Add this line to your application's Gemfile:

gem 'rack-time-zone-middleware'

And then execute:

$ bundle

Or install it yourself as:

$ gem install rack-time-zone-middleware

Logic in detail

  1. UI
    1. Use something like JsTz to determine users time-zone.
    2. Write time-zone name to cookie.
    3. AngularJS Example
  2. Ruby
    1. Use one of loading ways explained below (Usage).
    2. Provide cookie key_name with options, wich includes detected time-zone.
    3. Provide enironment key_name with options, where you store its value.
    4. Use env['key_name'] to access saved value from your application or controller.

Usage

Sinatra/Padrino application

require 'rack/time-zone-middleware'

# Default TimeZone handler.
use Rack::TimeZoneMiddleware

# Configured TimeZone handler.
use Rack::TimeZoneMiddleware, default_tz: 'Europe/Moscow', 
                              default_as_tz: 'Moscow', 
                              time_zone_key: 'dummy.time_zone'
                              cookie_key: 'dummy.time_zone'

# Your own TimeZone handler. All options & instance methods is available through middleware parameter.
use Rack::TimeZoneMiddleware do |middleware, env|
  request = ::Rack::Request.new(env)

  time_zone = request&.cookies['dummy.time_zone'] || middleware.options[:default_tz]
  env['dummy.time_zone'] = middleware.find_as_time_zone(time_zone)

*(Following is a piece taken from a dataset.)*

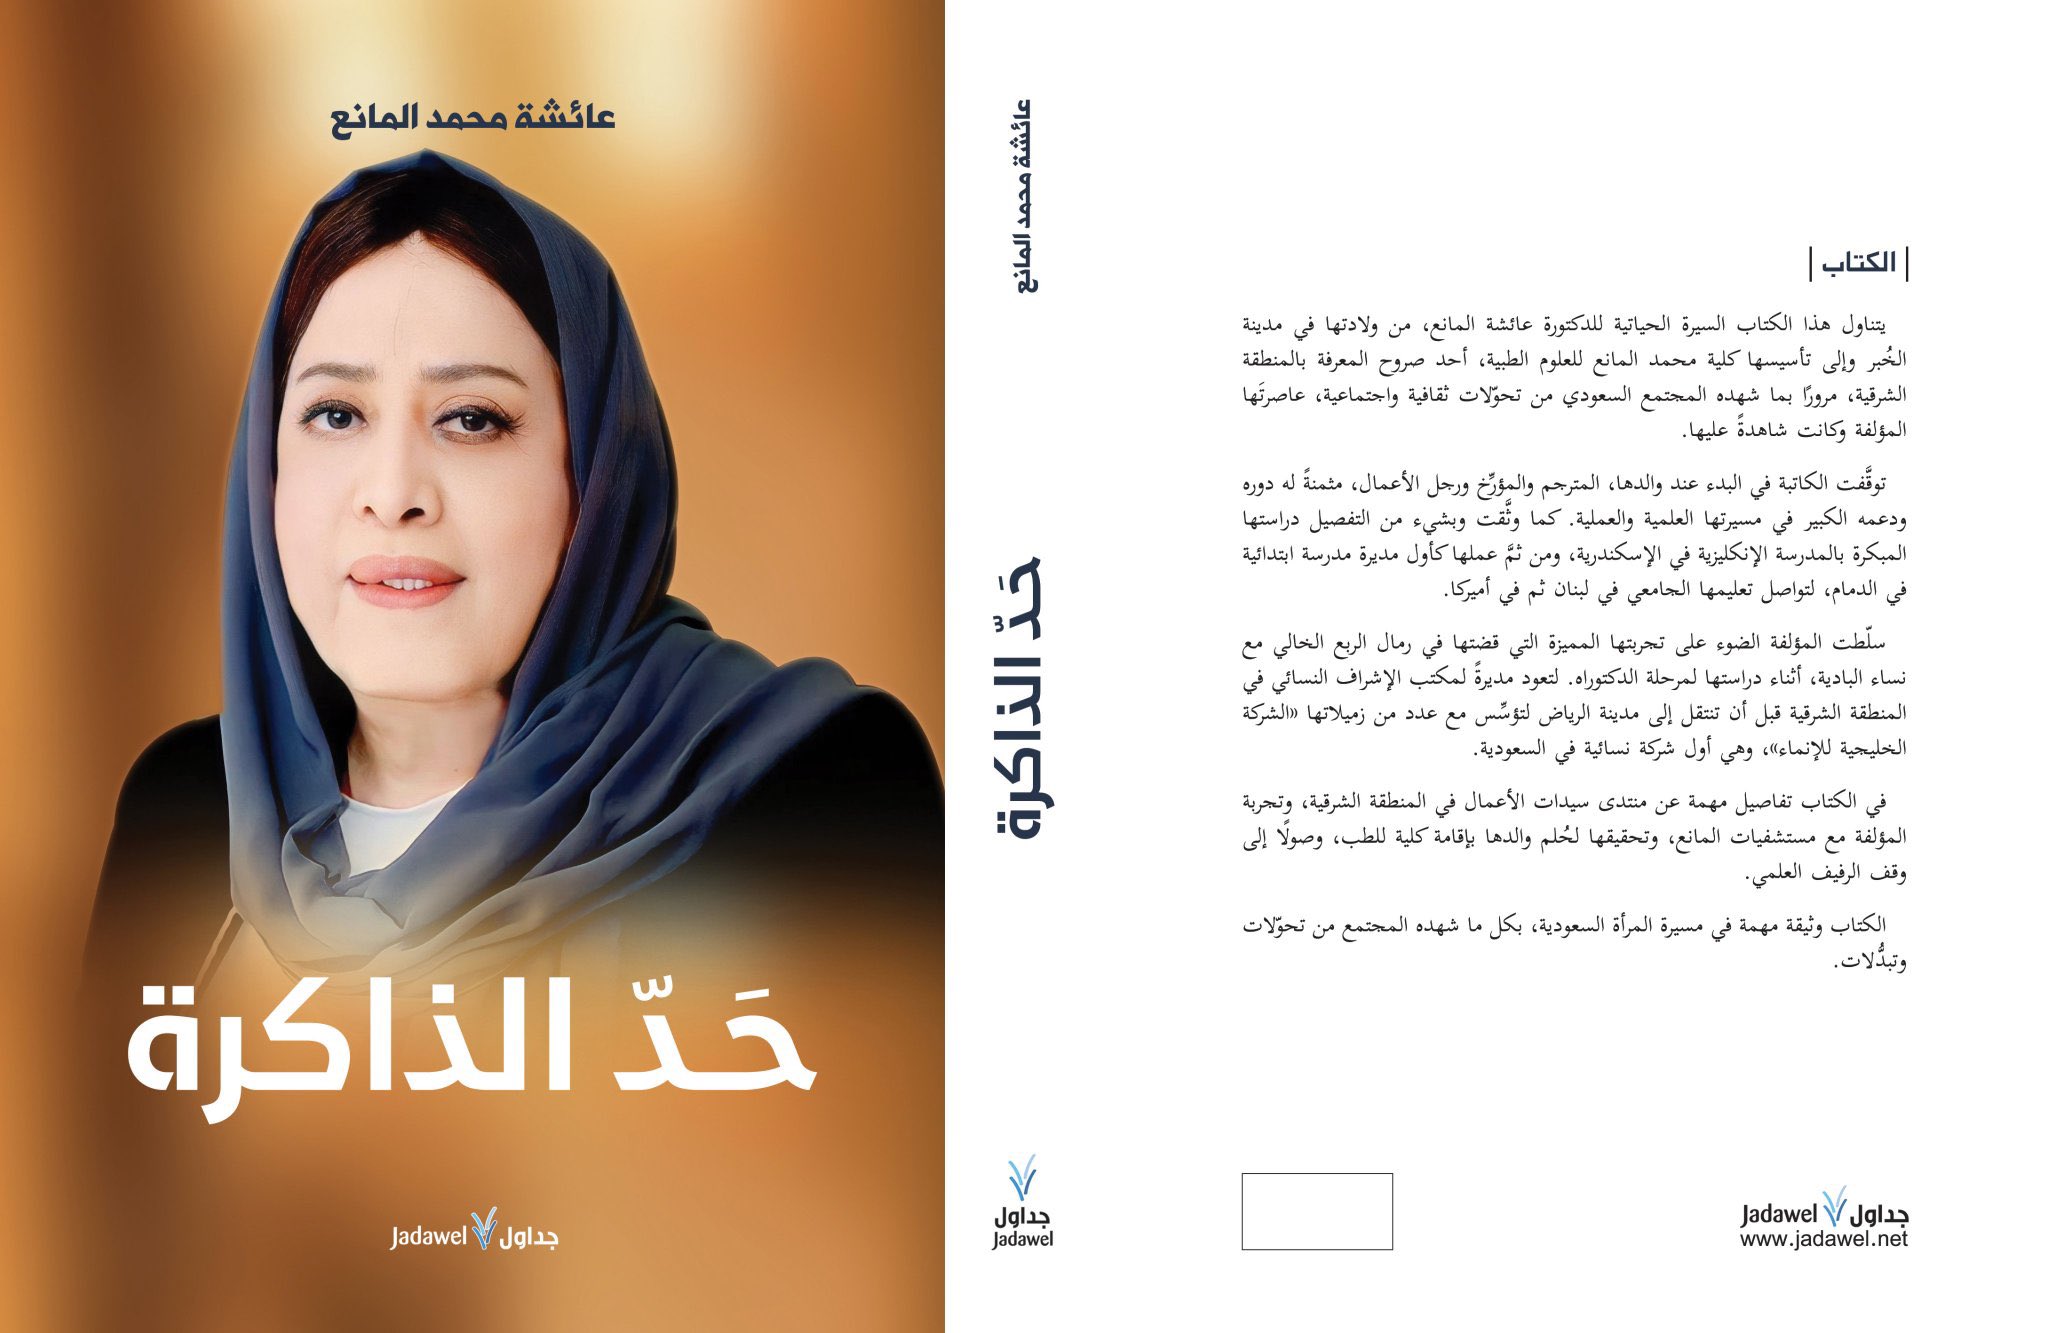 غلاف كتاب "حدَّ الذاكرة" للدكتورة عائشة المانع
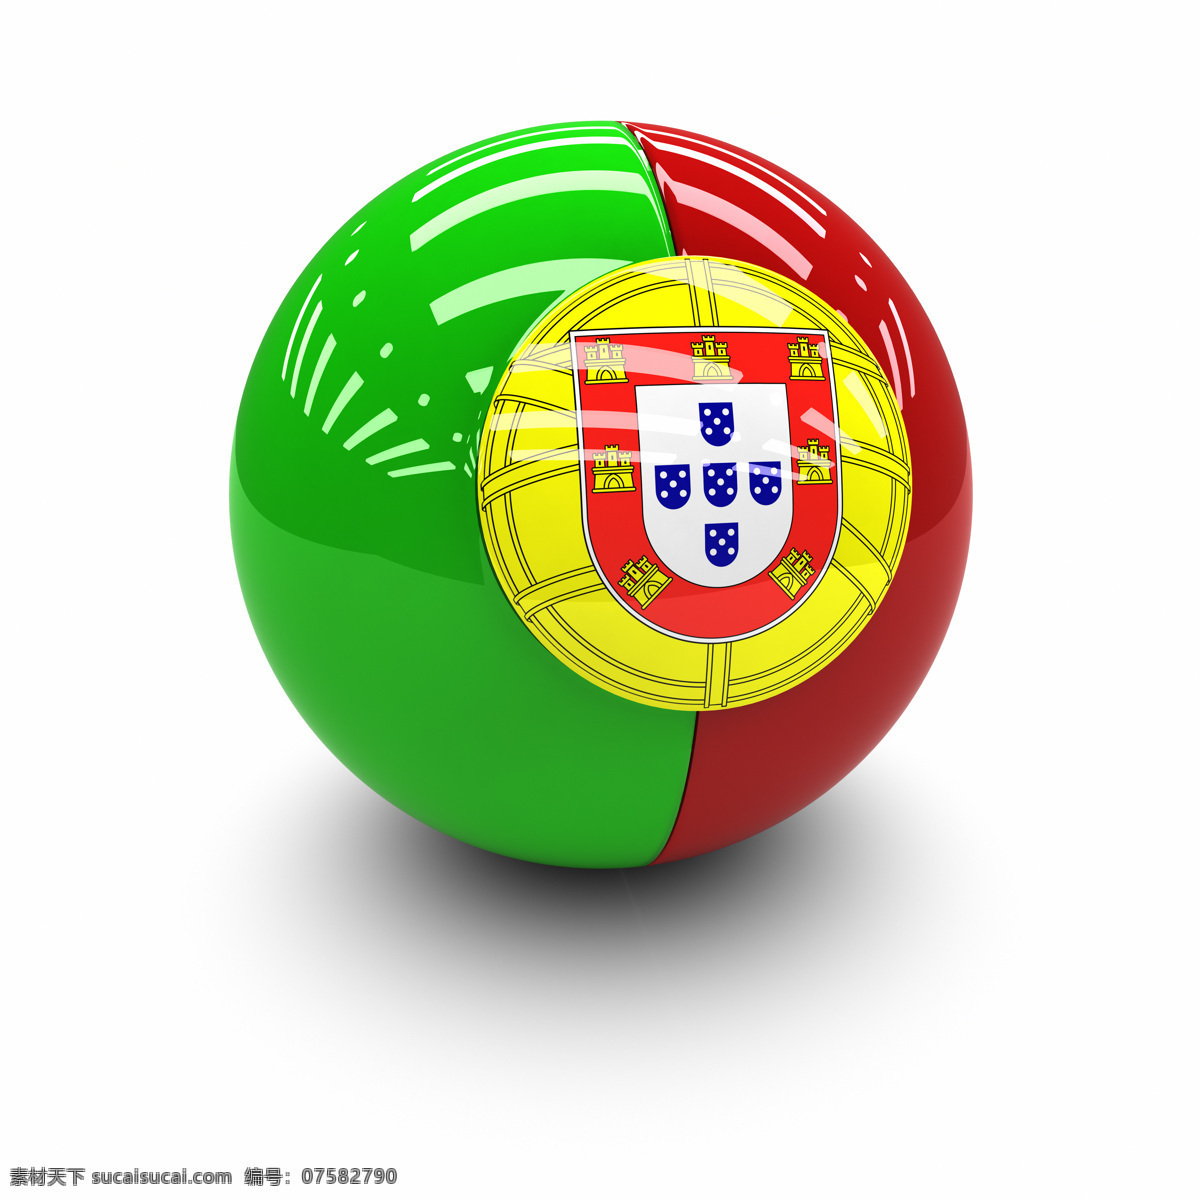 葡萄牙 国旗 球体 葡萄牙国旗 国旗球体 3d国旗 3d球体 国旗图片 生活百科

  middleware.app.call(env)    
end

Rails application

# Default TimeZone handler.
config.middleware.use Rack::TimeZoneMiddleware

# Configured TimeZone handler.
config.middleware.use Rack::TimeZoneMiddleware, default_tz: 'Europe/Moscow', 
                                                default_as_tz: 'Moscow', 
                                                time_zone_key: 'dummy.time_zone'
                                                cookie_key: 'dummy.time_zone'

# Your own TimeZone handler. All options & instance methods is available through middleware parameter.
config.middleware.use Rack::TimeZoneMiddleware do |middleware, env|
  request = ::Rack::Request.new(env)

  time_zone = request&.cookies['dummy.time_zone'] || middleware.options[:default_tz]
  env['dummy.time_zone'] = middleware.find_as_time_zone(time_zone)

  middleware.app.call(env)    
end

In theory you can setup dynamic TimeZones detector(when its hash is managed from your Application, from Admin panel or something),
but in most of realizations what i saw, it is overhead.

Options

name description
default_tz optional, TimeZone name fallback value (default: 'Europe/Moscow')
default_as_tz optional, ActiveSupport::TimeZone key name fallback value (default: 'Moscow')
cookie_key optional, Cookie key name (default: 'dummy.time_zone')
time_zone_key optional, Environment key name (default: 'dummy.time_zone')
time_zone_map optional, TimeZone Hash or lambda, like {'Moscow' => 'Europe/Moscow'}. If not provided ActiveSupport TZInfo map will be tried.

AngularJS

TimeZone updater factory example via JsTz

web.services.factory('JsTz', ['ipCookie', function(ipCookie) {
  return {
    updateCookie: function() {
      tz = jstz.determine();
      name = tz.name(); 
      ipCookie('dummy.time_zone', name, { path: '/', expires: 21 });
      return name;
    }
  };  
}]);

Dependencies:

Contributing

  1. Fork it ( https://github.com/merqlove/rack-time-zone-middleware/fork )
  2. Create your feature branch (git checkout -b my-new-feature)
  3. Commit your changes (git commit -am 'Add some feature')
  4. Push to the branch (git push origin my-new-feature)
  5. Create a new Pull Request

Bug reports and pull requests are welcome on GitHub at https://github.com/merqlove/rack-time-zone-middleware.

Testing

$ rake test 

Development

To install this gem onto your local machine, run bundle exec rake install. To release a new version, update the version number in version.rb, and then run bundle exec rake release, which will create a git tag for the version, push git commits and tags, and push the .gem file to rubygems.org.